Come on, guys, it could be worse.

I mean, he could be Paul Hellyer...

$1:


On 3 June 1967, Hellyer flew in by helicopter to officially inaugurate an unidentified flying object landing pad in St. Paul, Alberta. The town had built it as its Canadian Centennial celebration project, and as a symbol of keeping space free from human warfare. The sign beside the pad reads:

"The area under the World's First UFO Landing Pad was designated international by the Town of St. Paul as a symbol of our faith that mankind will maintain the outer universe free from national wars and strife. That future travel in space will be safe for all intergalactic beings, all visitors from earth or otherwise are welcome to this territory and to the Town of St. Paul.[9]

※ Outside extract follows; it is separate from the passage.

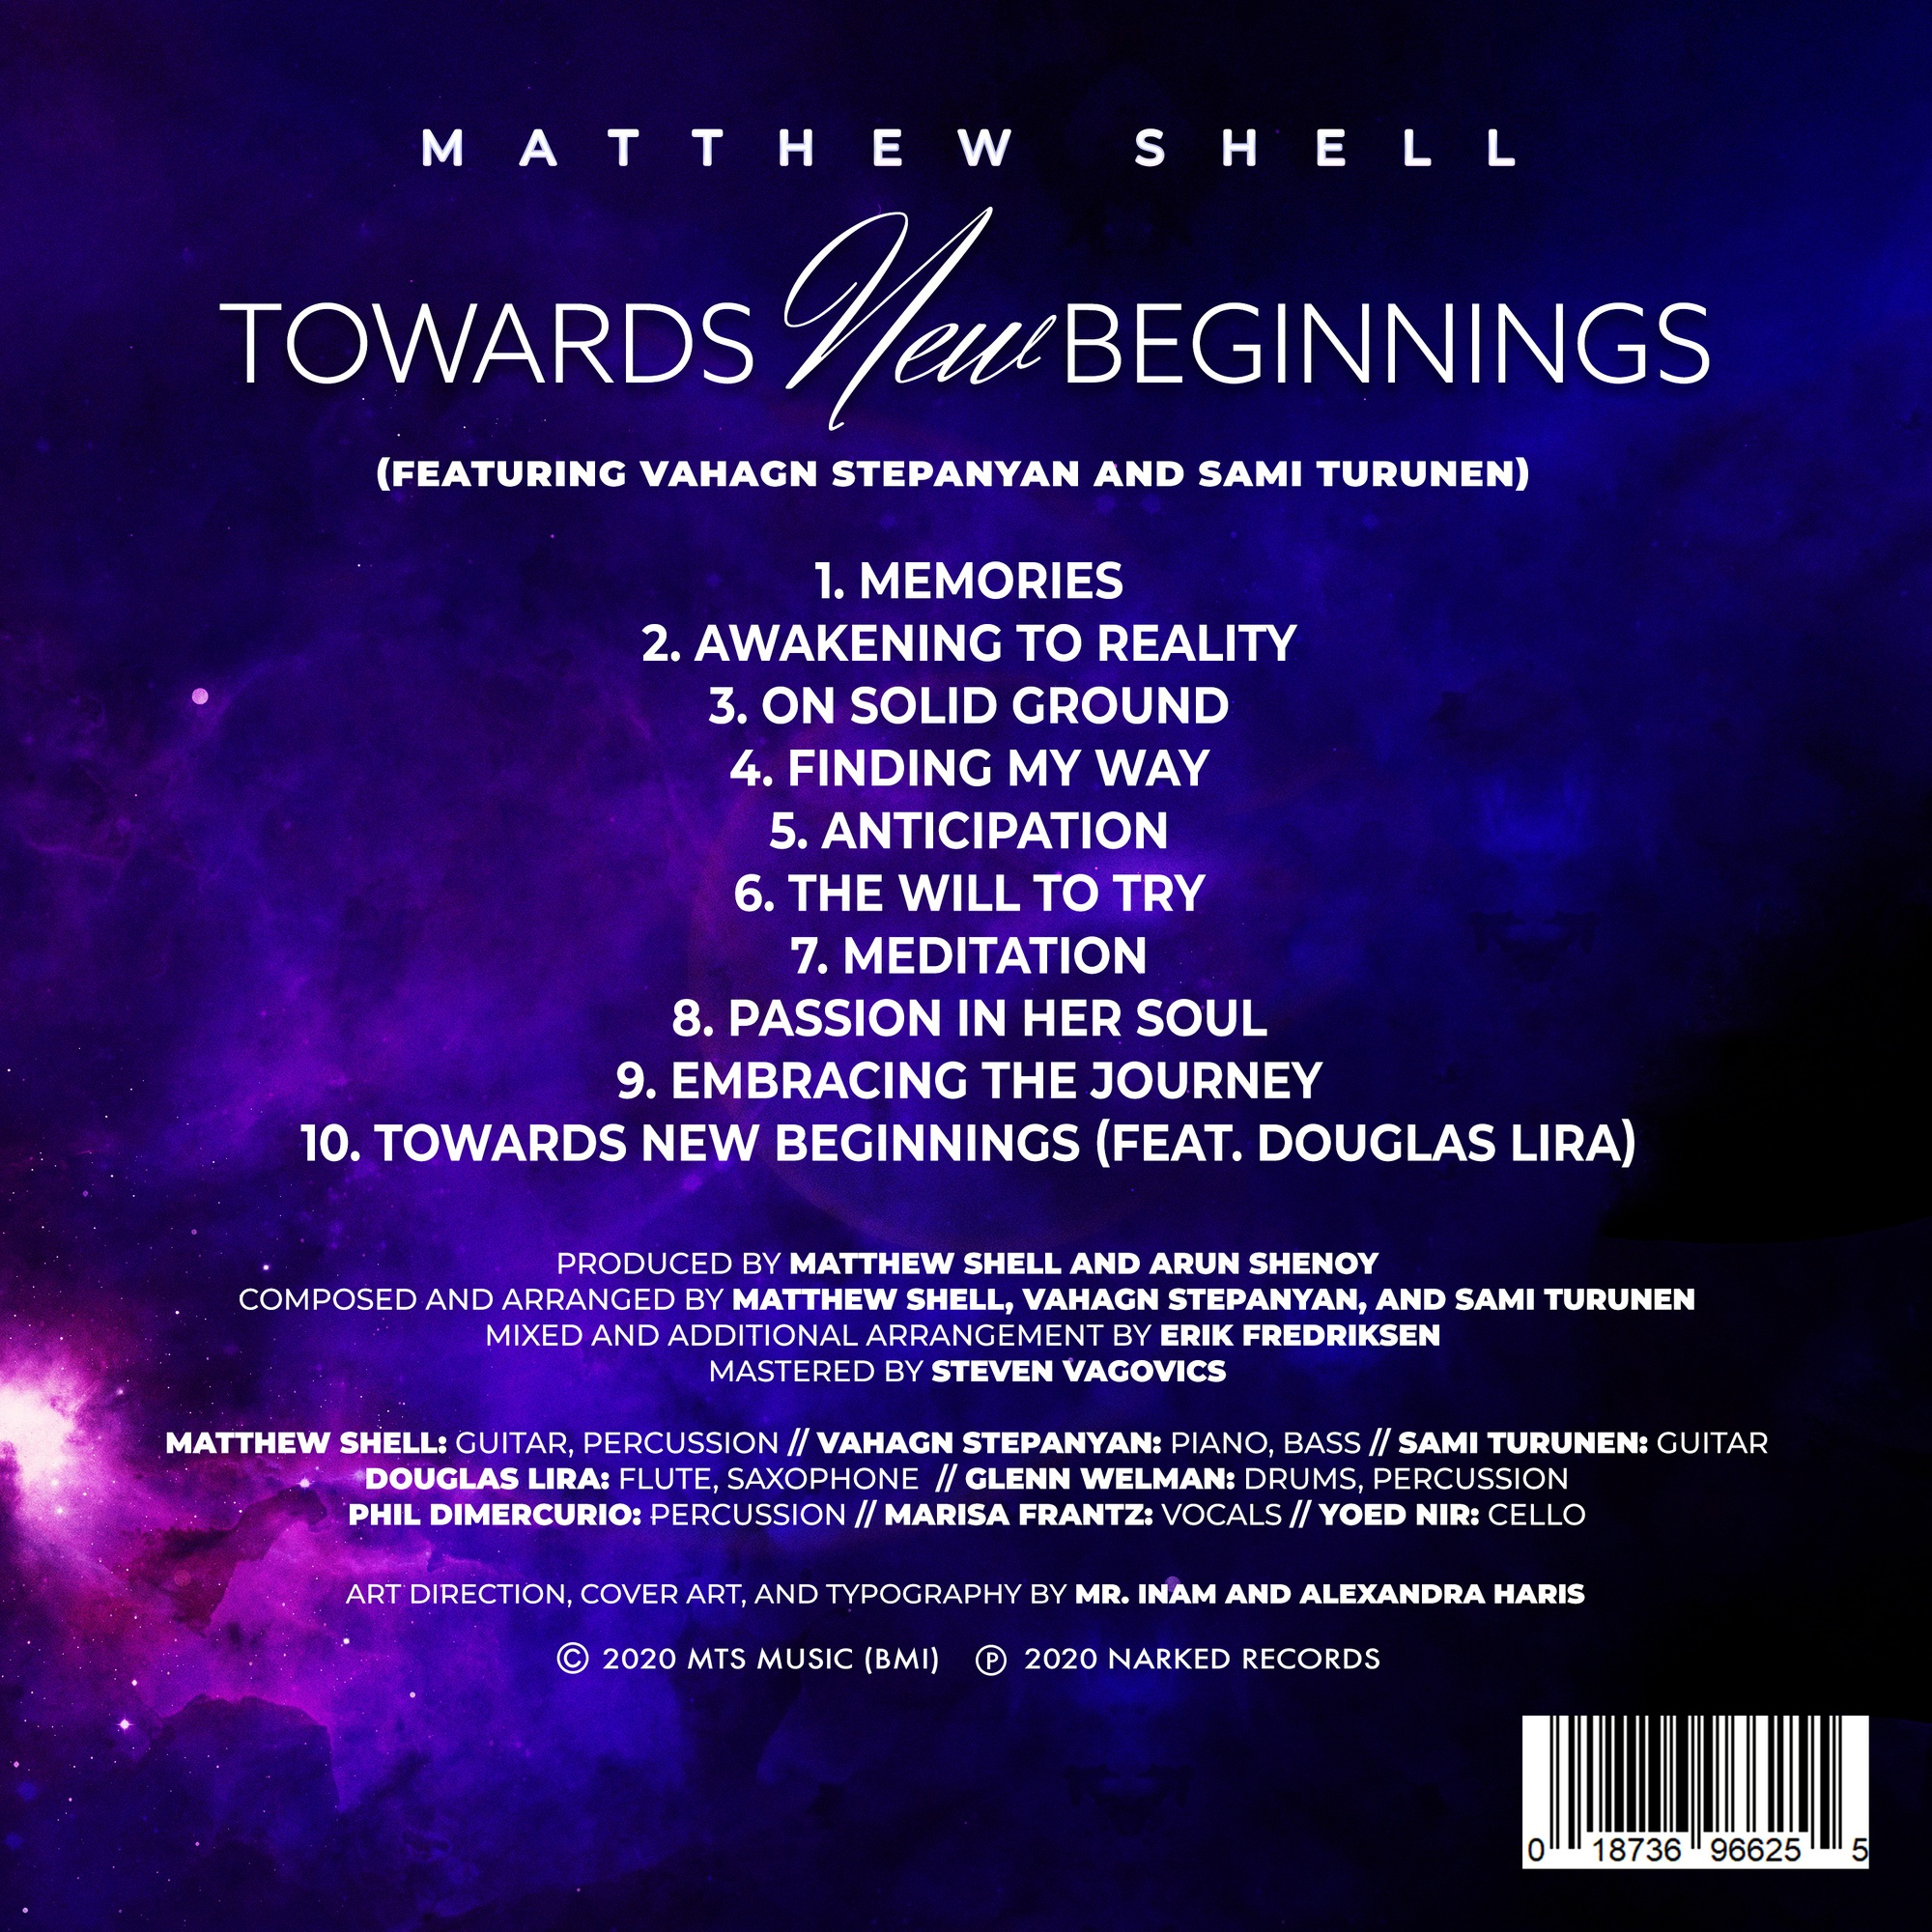 Towards New Beginnings- Credits Sheet

In early September 2005, Hellyer made headlines by publicly announcing that he believed in the existence of UFOs. On 25 September 2005, he was an invited speaker at an exopolitics conference in Toronto, where he told the audience that he had seen a UFO one night with his late wife and some friends. He said that, although he had discounted the experience at the time, he had kept an open mind to it. He said that he started taking the issue much more seriously after watching ABC's Peter Jennings' UFO special in February 2005.[citation needed]

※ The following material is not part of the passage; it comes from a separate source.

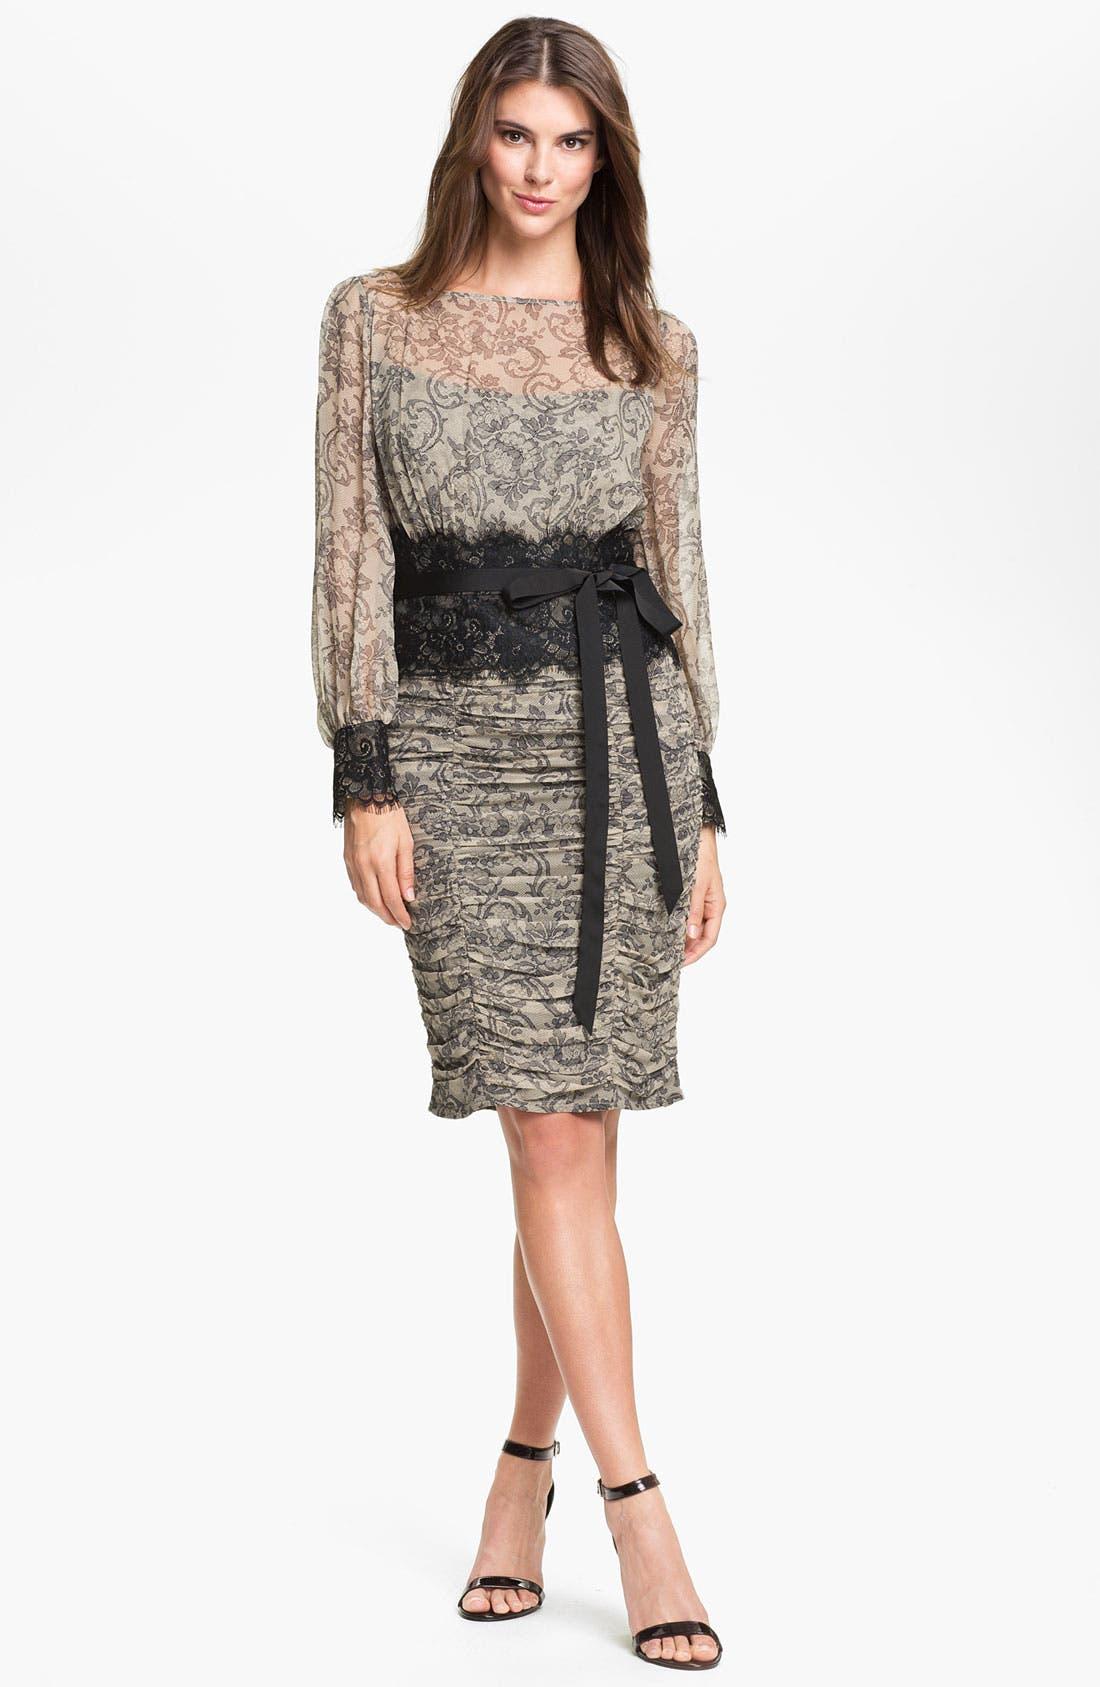 Alternate Image 1 Selected - Tadashi Shoji Print Silk & Lace Dress (Online Only)

Watching Jennings' UFO special prompted Hellyer to read U.S. Army Colonel Philip J. Corso's book The Day After Roswell, about the Roswell UFO Incident, which had been sitting on his shelf for some time. Hellyer told the Toronto audience that he later spoke to a retired U.S. Air Force general, who confirmed the accuracy of the information in the book. In November 2005, he accused U.S. President George W. Bush of plotting an "Intergalactic War". The former defence minister told an audience at the University of Toronto:

"The United States military are preparing weapons which could be used against the aliens, and they could get us into an intergalactic war without us ever having any warning...The Bush Administration has finally agreed to let the military build a forward base on the moon, which will put them in a better position to keep track of the goings and comings of the visitors from space, and to shoot at them, if they so decide."[10]

In 2007, the Ottawa Citizen reported that Hellyer is demanding that world governments disclose alien technology that could be used to solve the problem of climate change:

"I would like to see what (alien) technology there might be that could eliminate the burning of fossil fuels within a generation...that could be a way to save our planet...We need to persuade governments to come clean on what they know. Some of us suspect they know quite a lot, and it might be enough to save our planet if applied quickly enough."[11]

In an interview with RT (formerly Russia Today) in 2014, Hellyer said that at least four species of aliens have been visiting Earth for thousands of years, with most of them coming from other star systems, although there are some living on Venus, Mars and Saturn’s moon. According to him, they "don't think we are good stewards of our planet."[12]